This statement relates to the Common Stock, par value $.01 per
share (the "Common Stock"), of PC Service Source, Inc., a Delaware
corporation (the "Company"). The principal executive office of the Company
is located at 2350 Valley View Lane, Dallas, Texas 75234.
ITEM 2. IDENTITY AND BACKGROUND.
(a) This statement is filed by Victor Morgenstern, an
individual.
(b) The address of Victor Morgenstern is Harris Associates
L.P., Two North LaSalle Street, Chicago, Illinois 60602.
(c) Victor Morgenstern is Chairman of Harris Associates L.P.
Harris Associates L.P. is a registered broker dealer.
(d) During the past five years, Mr. Morgenstern has not been
convicted in a criminal proceeding (excluding traffic violations or similar
misdemeanors).
(e) During the past five years, Mr.
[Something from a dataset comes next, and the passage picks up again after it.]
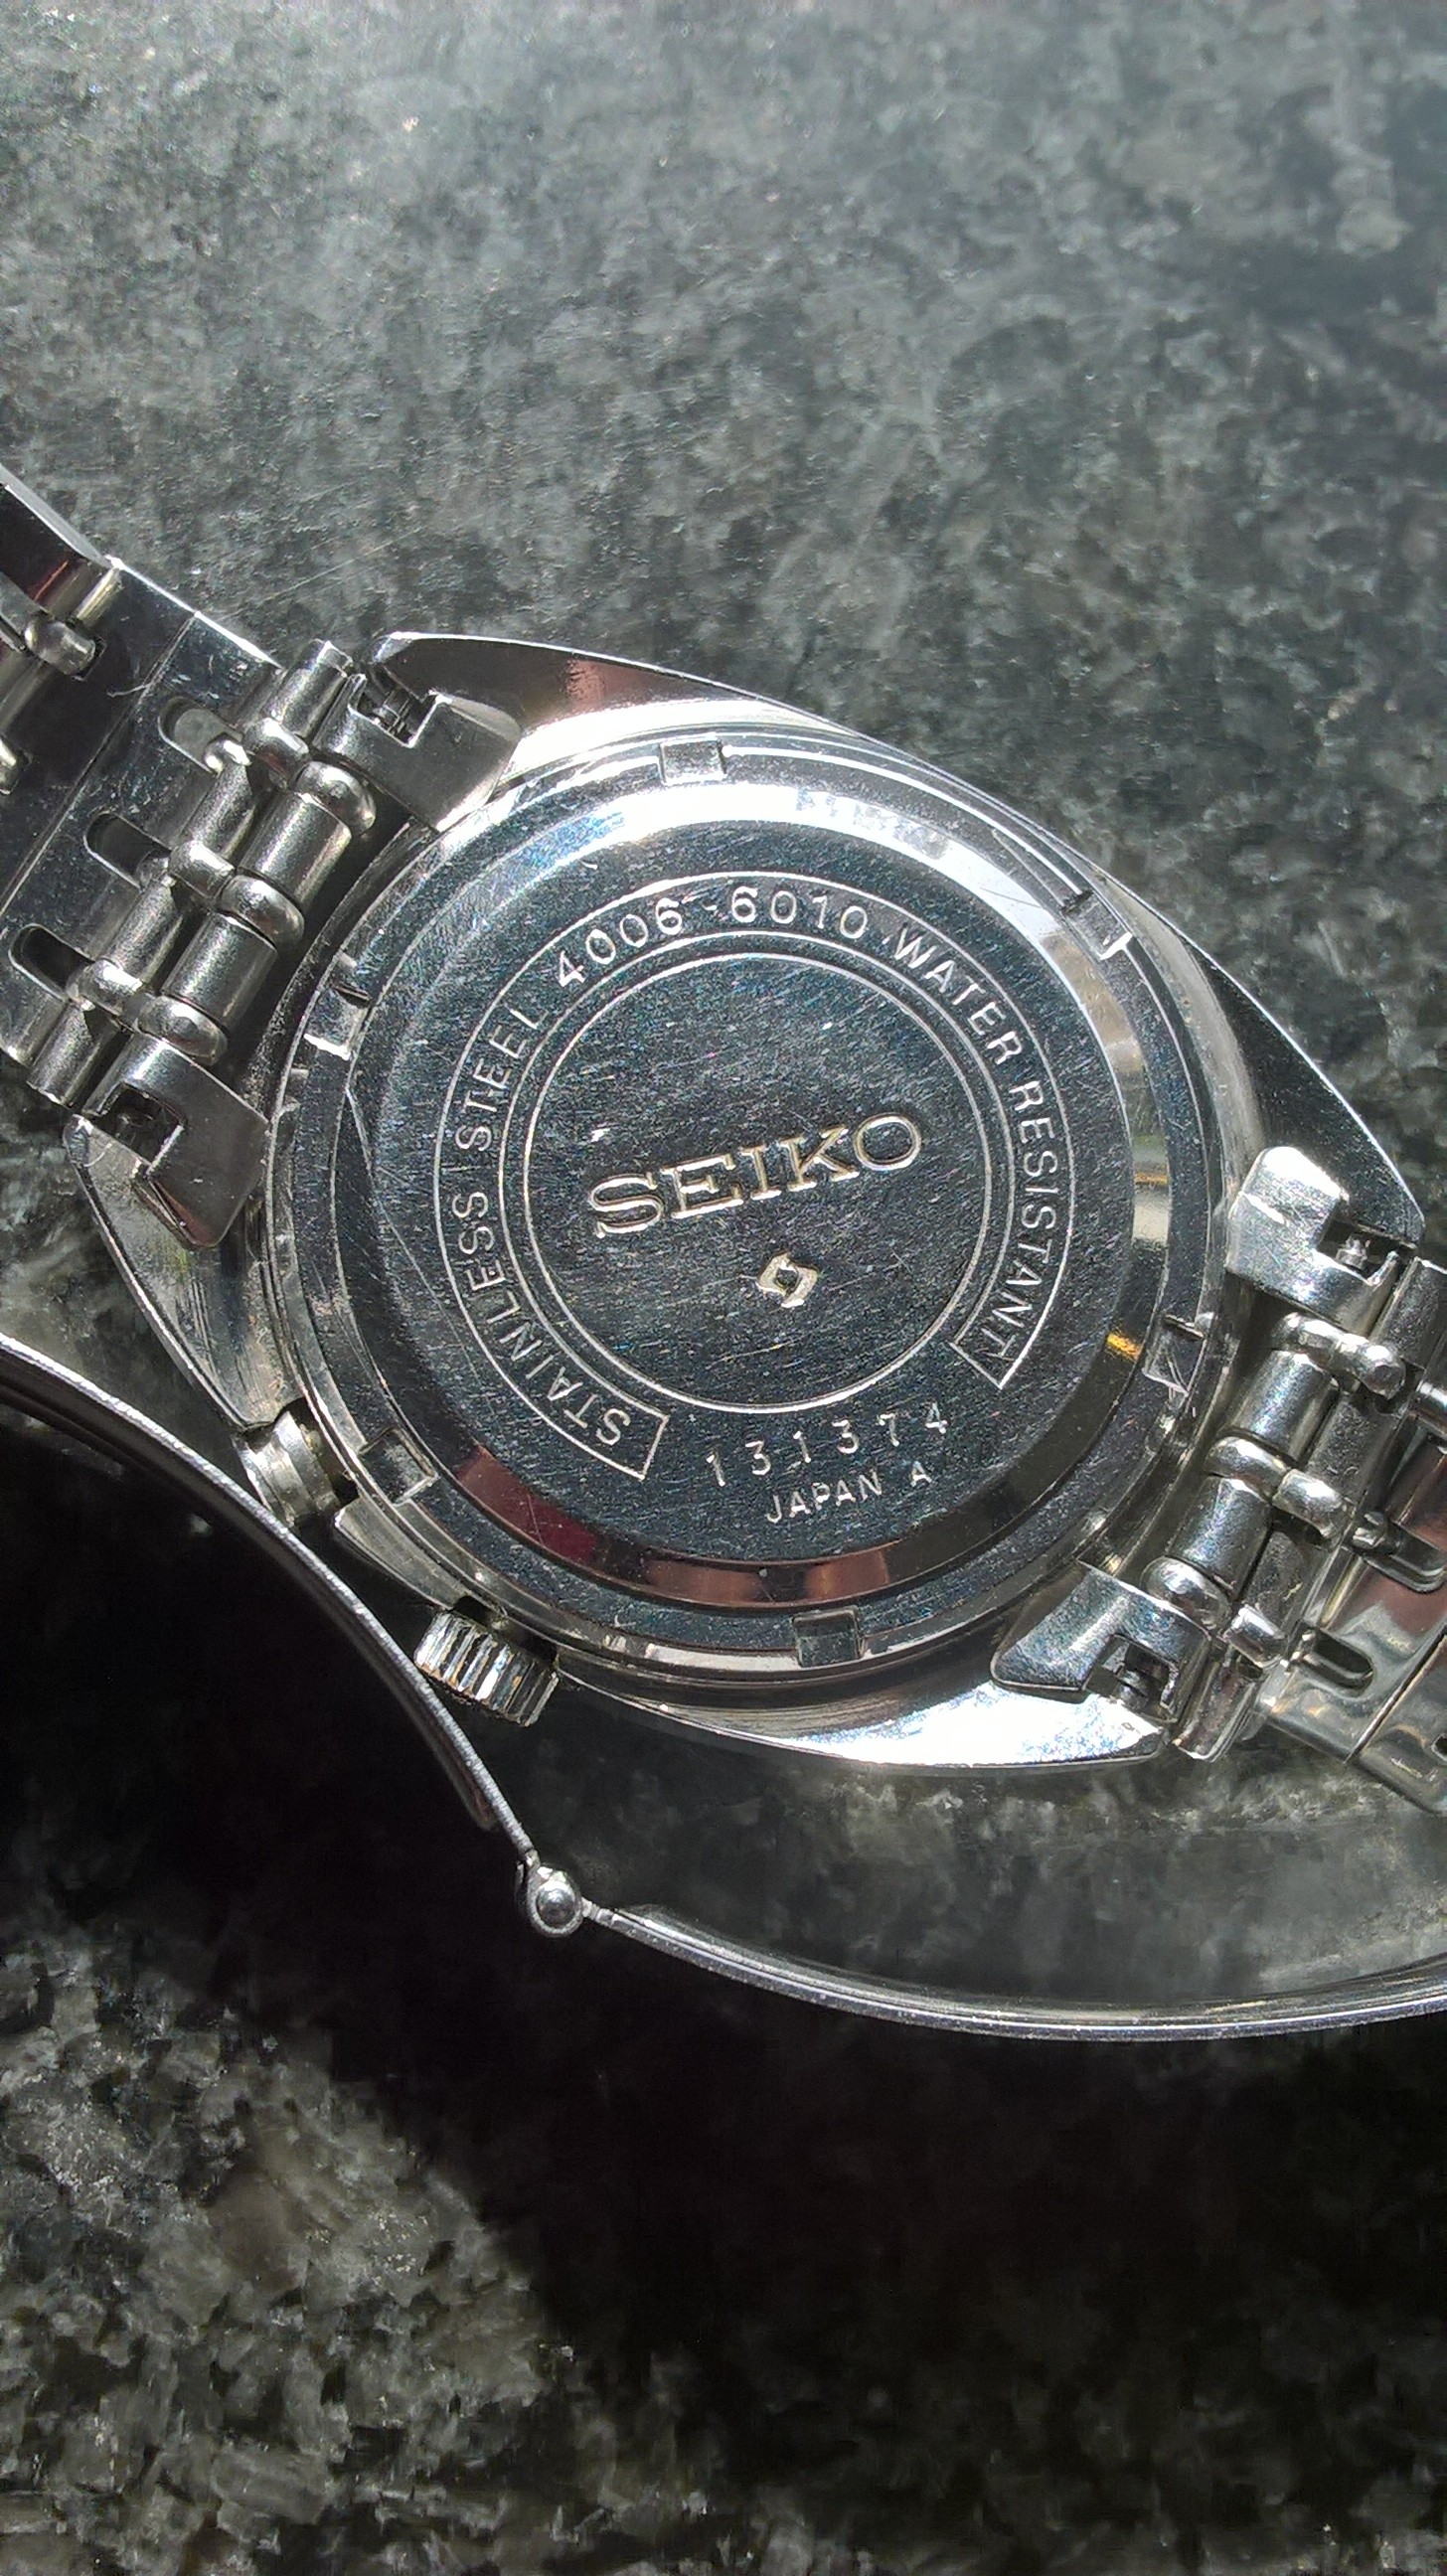 SOLD - Seiko Bell-Matic ref. 4006-6010 | Omega Forums

Morgenstern has not been
a party to a civil proceeding of a judicial or administrative body of
competent jurisdiction and as a result of such proceeding was or is subject
to a judgment, decree or final order enjoining future violations of , or
prohibiting or mandating activities subject to, federal or state securities
laws or finding any violation with respect to such laws.
ITEM 3. SOURCE AND AMOUNT OF FUNDS OR OTHER CONSIDERATION.
The securities which are the subject of this statement were
acquired for an aggregate purchase price of $1,924,376.50. The funds used to
acquire such securities were personal funds of Victor Morgenstern, including
funds contributed by him to certain trusts described in Item 5 below.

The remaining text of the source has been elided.